What you are asked to do. The range runs from the line containing "1 JETZT AUF" through the last line of the material below; retype it exactly, leaving out the pictures.

Input data.
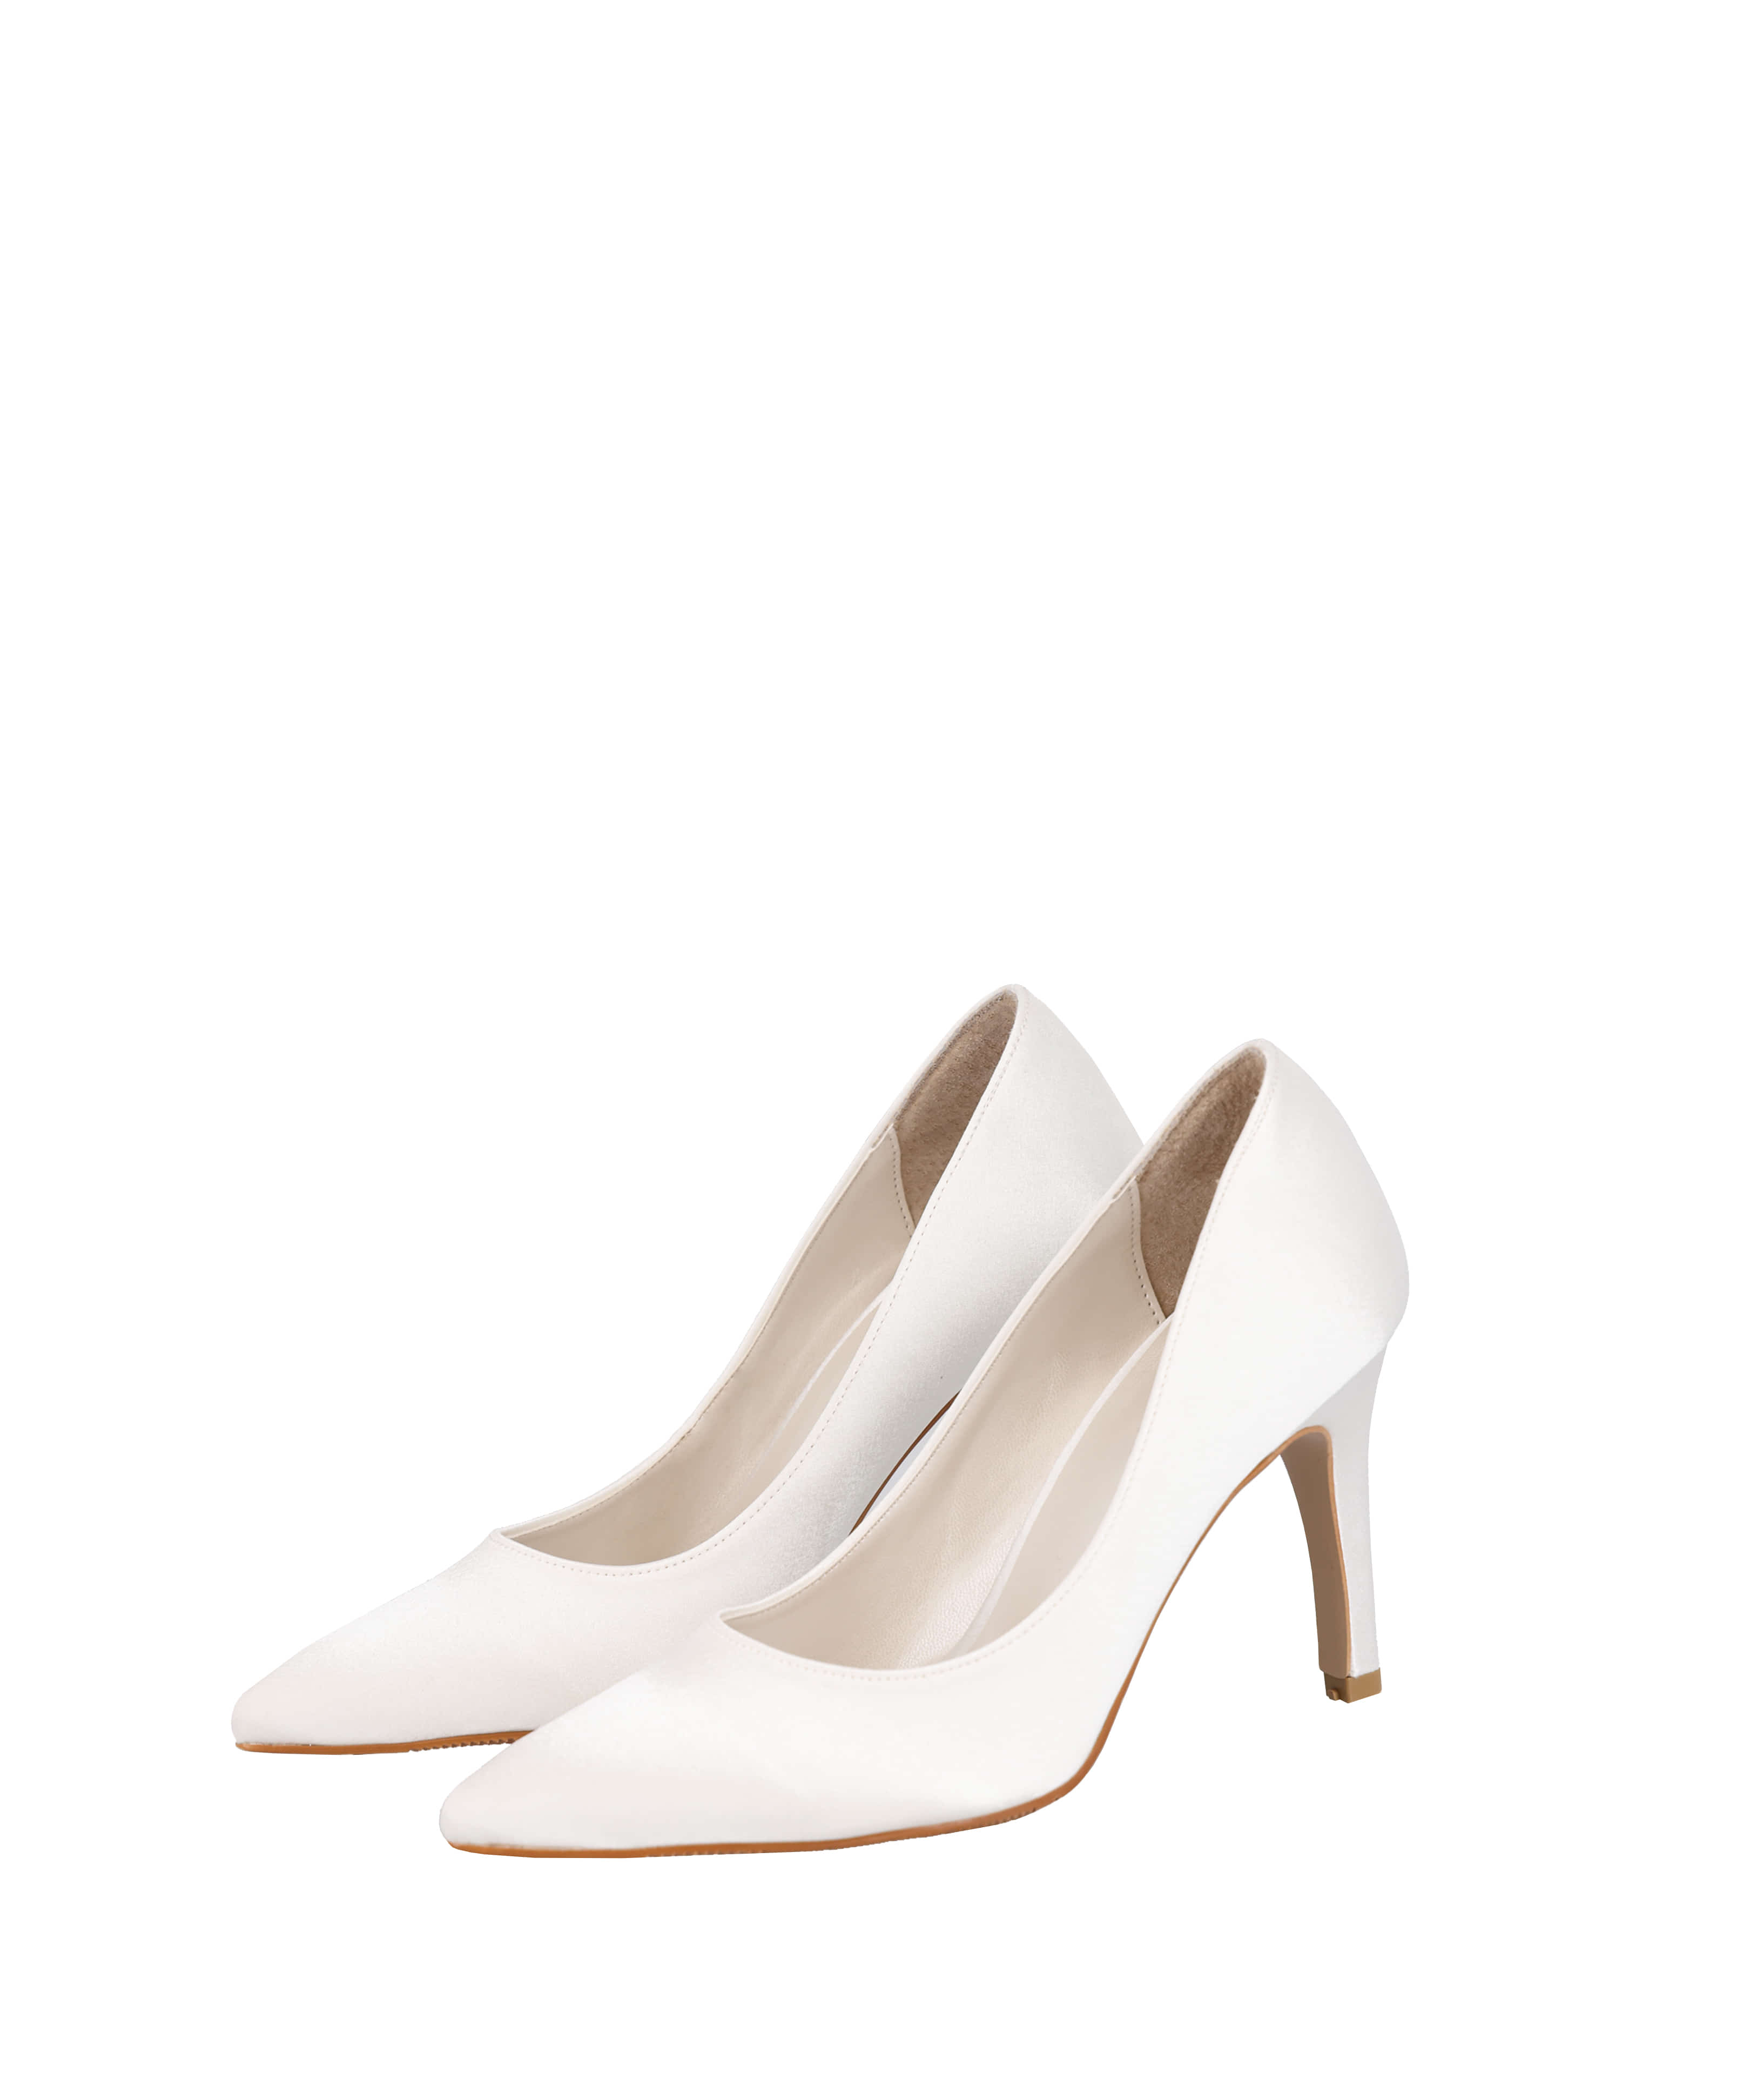 White silk stiletto heels
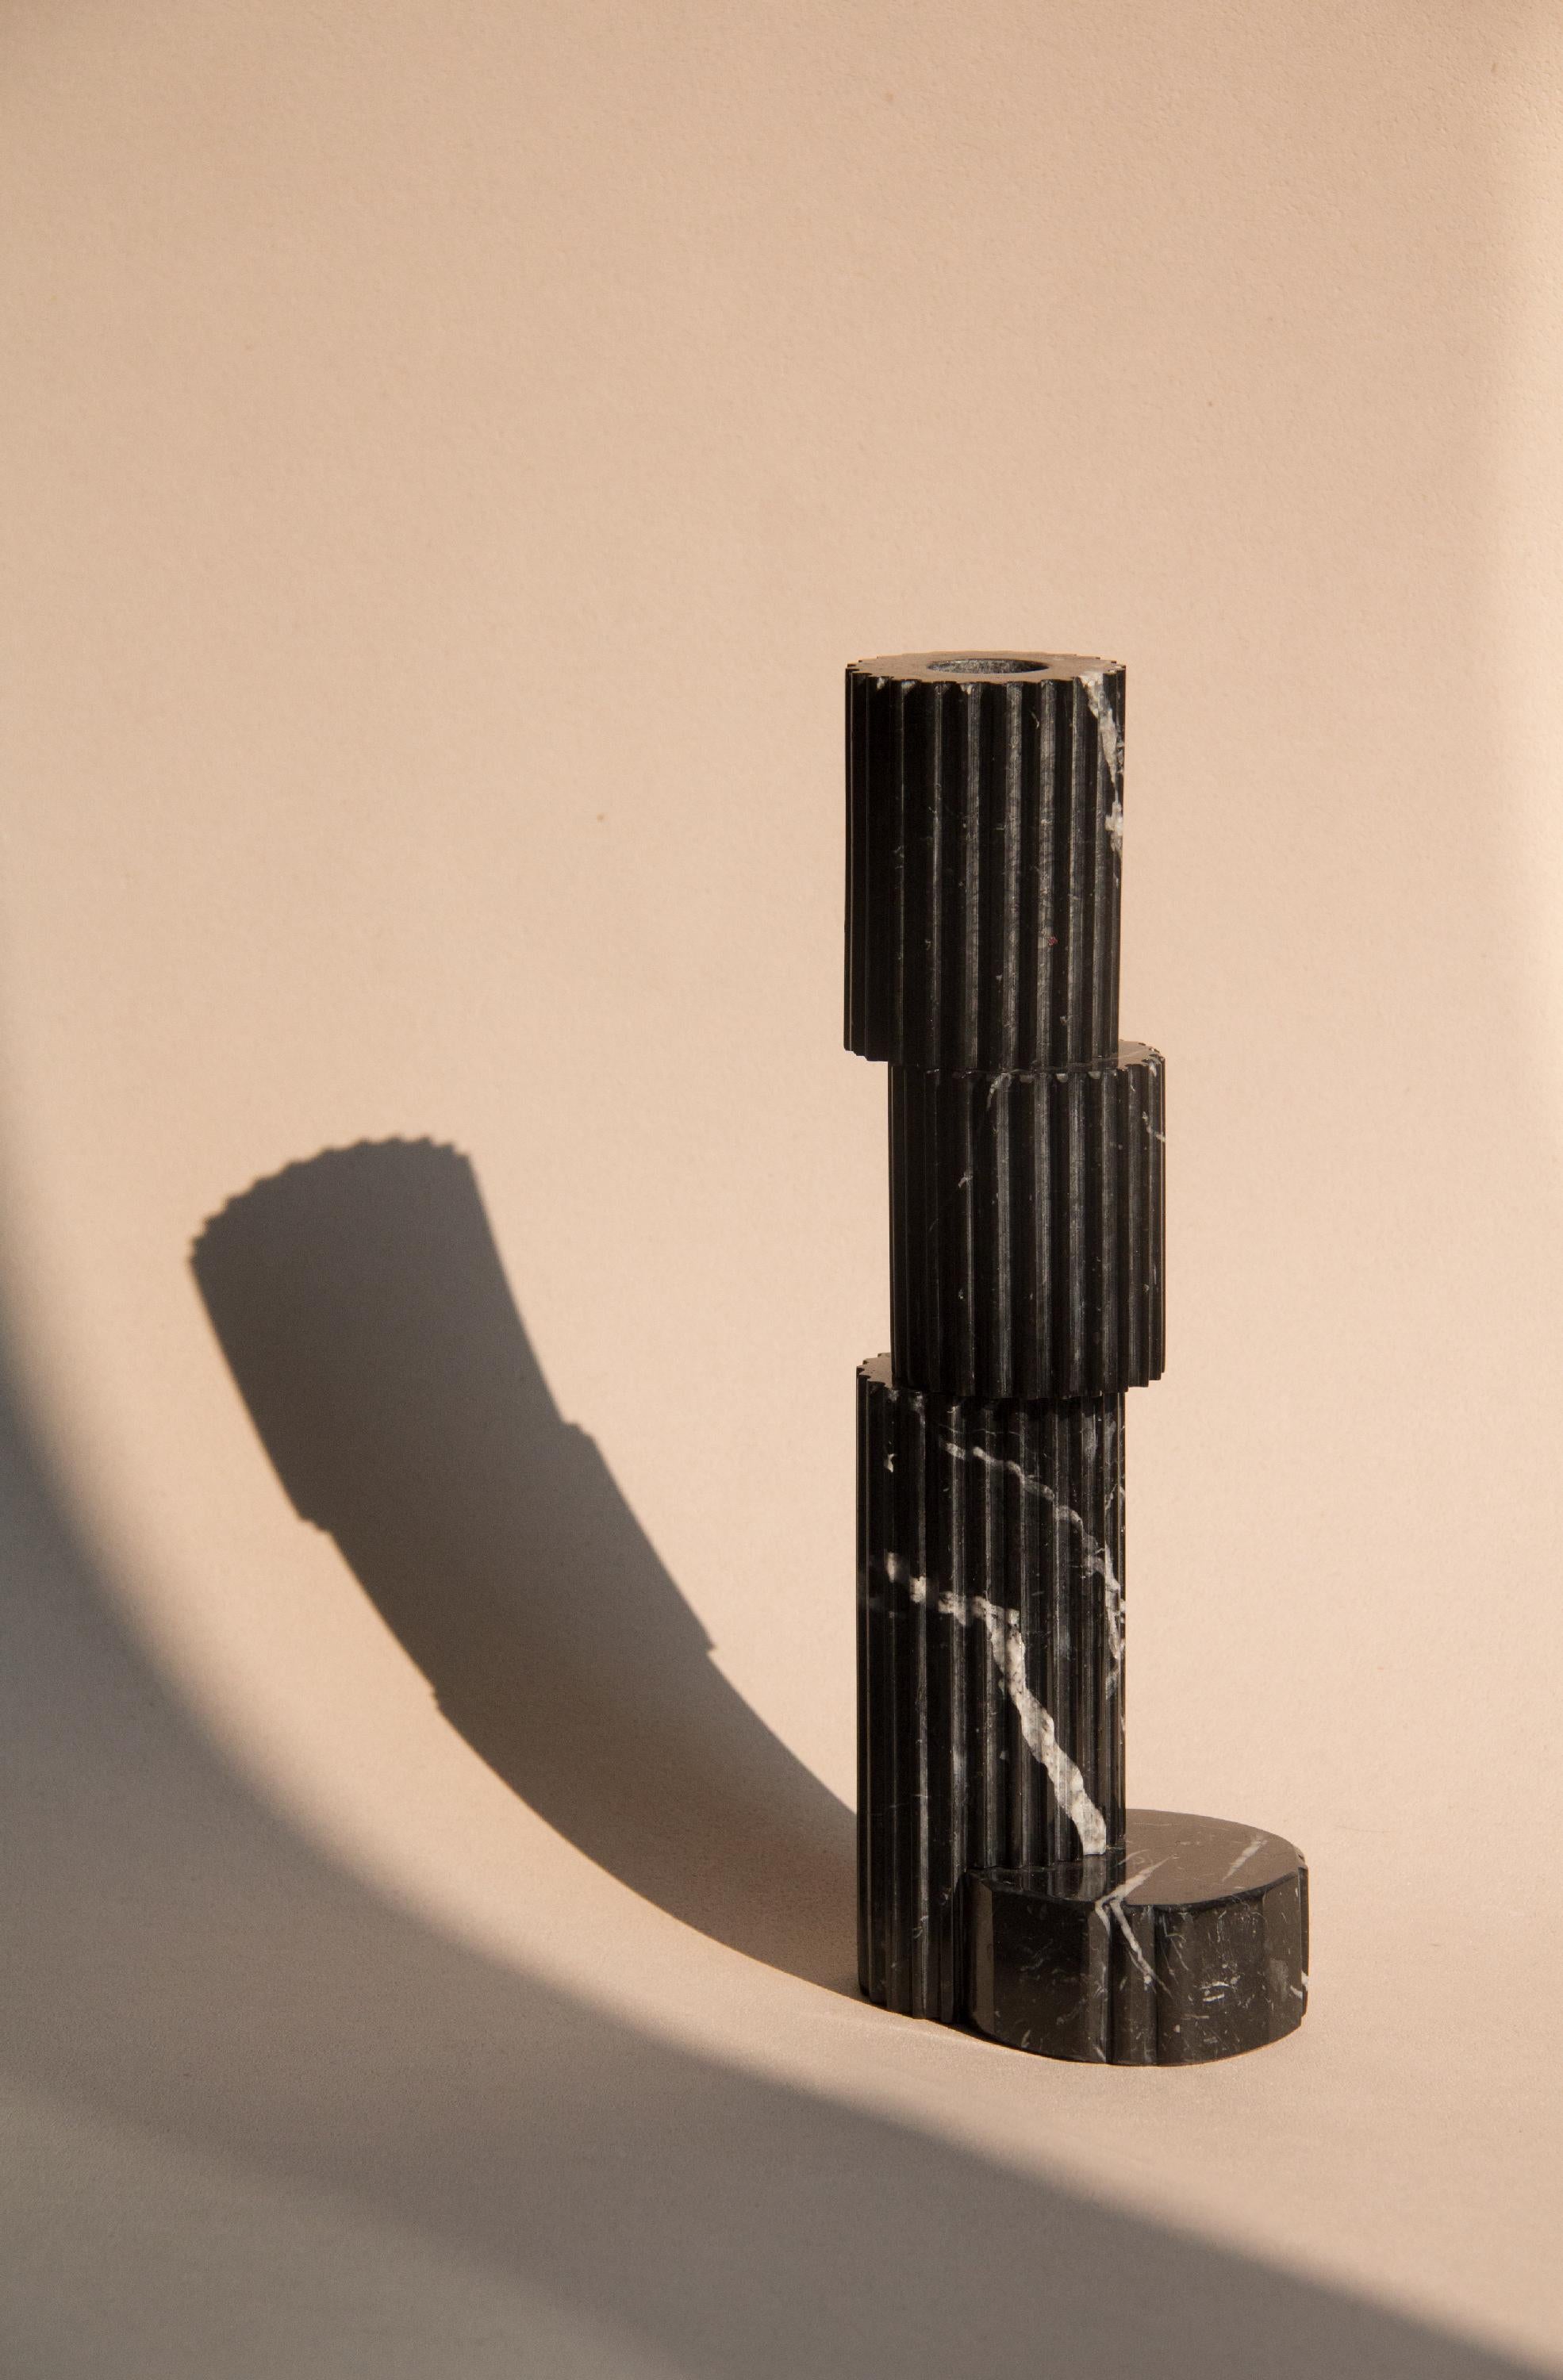 1 JETZT AUF LAGER ERHÄLTLICH von diesen Rovinette-Kerzenhaltern aus schwarzem Marmor des 21. Jahrhunderts, handgefertigt in Italien von Ilaria Bianchi.

Handgedrehter Kerzenhalter aus schwarzem Marquinia-Marmor, hergestellt von italienischen

Solution.
 1 JETZT AUF LAGER ERHÄLTLICH von diesen Rovinette-Kerzenhaltern aus schwarzem Marmor des 21. Jahrhunderts, handgefertigt in Italien von Ilaria Bianchi.

Handgedrehter Kerzenhalter aus schwarzem Marquinia-Marmor, hergestellt von italienischen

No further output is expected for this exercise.